The bar-headed goose, native to Central Asia, is one of the world’s highest-flying birds.
From spending the winter months in South Asia as far south as the southern tip of India, the bird migrates over the world’s tallest mountains peaks in the Himalayas to its summer grounds in Tibet, Kazahkstan and Russia.
So it would make sense that a NASA astronaut would be the one to teach a group of bar-headed goslings how to fly in a wind tunnel at the University of British Columbia for a study on the effects of altitude and oxygen use.
Jessica Meir, the NASA astronaut and physiologist in question, studies how animals on earth adapt to extreme environments.
As part of her postdoctoral research at UBC, she focused on the bar-headed goose and how it adapts to high altitude — and the corresponding low oxygen levels.
“The goals of our project were pretty ambitious,” said Meir, 42, speaking to CBC On The Coast host Gloria Macarenko on the phone from Moscow, where she is preparing for a trip to the International Space Station.
Because the study called for simultaneous data collection of various physiological measurements while the birds were flying, it meant the birds needed to fly in a controlled laboratory.
“So we imprinted the birds to make sure they were really comfortable with us and … familiar with all of the equipment and … facilities that we needed them to perform in,” she said.
Meir, who is Swedish-American, says she became “mother goose” for 12 goslings, training the geese to fly in the wind tunnel and alongside her scooter.
“It was really one of the most incredible things I’ve done in my life,” she said. “To just to have these animals look to you for everything, to be sad and crying when you go away from them, and have an animal so comfortable with you like that — it was really an incredible experience.”
For the experiment, the geese had to wear a special mask to measure the amount of oxygen consumed during the flight and the amount of carbon dioxide they produced.

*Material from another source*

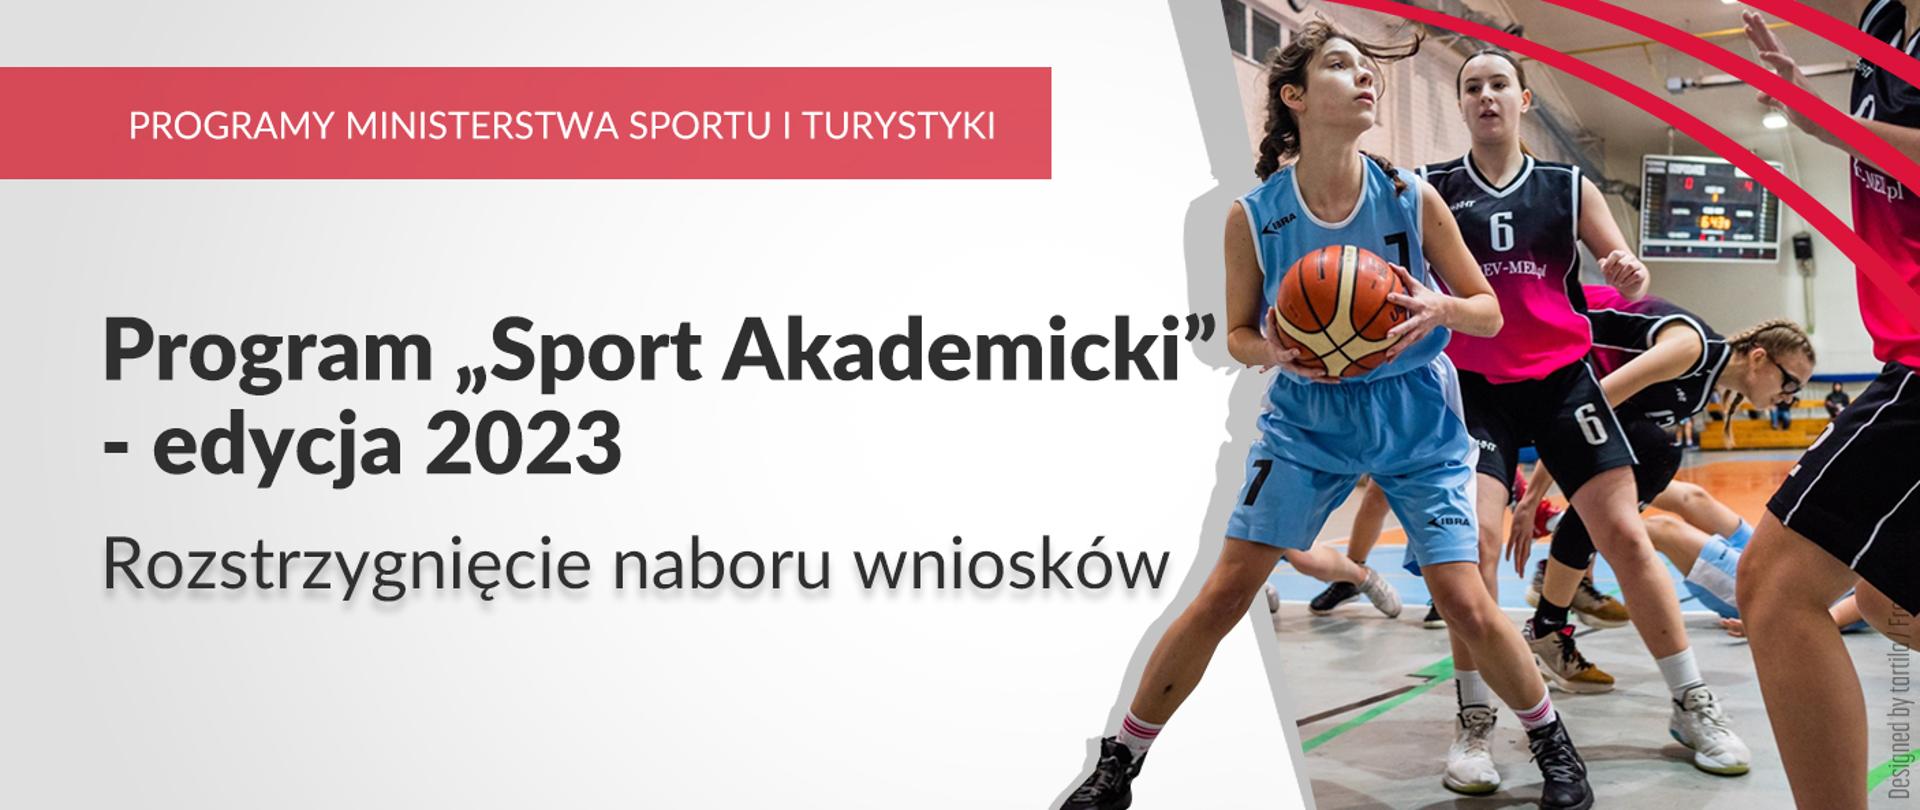 Program Sport Akademicki - edycja 2023, rozstrzygnięcie naboru wniosków. Na zdjęciu koszykarki

The geese also wore a backpack recorder that measured heart rate. For some flights, the birds also had an internal electrode that measured the flow of oxygen.
“When the [birds] are migrating over the Himalayas, we know they are dealing with a half to a third of the oxygen that we have here at sea level. So only 10.5 or 7 per cent oxygen,” Meir said.
“What we found out is that, surprisingly, the birds were able to lower their metabolic rate when they were flying in the more challenging, lower oxygen conditions [than] when they were in the normal 21 per cent oxygen conditions [at sea level].”
This meant the birds required less oxygen in the severely oxygen-limited environment — in other words, they became more efficient when there was low oxygen.
The research from Meir’s study was published Tuesday in the eLife science journal, but she is already focused on her next major project — her first space flight.
Meir is scheduled to leave Sept. 25 for the International Space Station, with her return to Earth scheduled for spring 2020.
Similar to her work on Earth, Meir will be working on experiments related to how the human body adapts to the extreme conditions of microgravity and space flight.
But this time she’ll be the subject.
“It’s come full circle … and I’ll be the one getting poked and prodded for the science,” she said.
As for the geese, Meir says they are “living the good life out at a pasture” on a farm in B.C.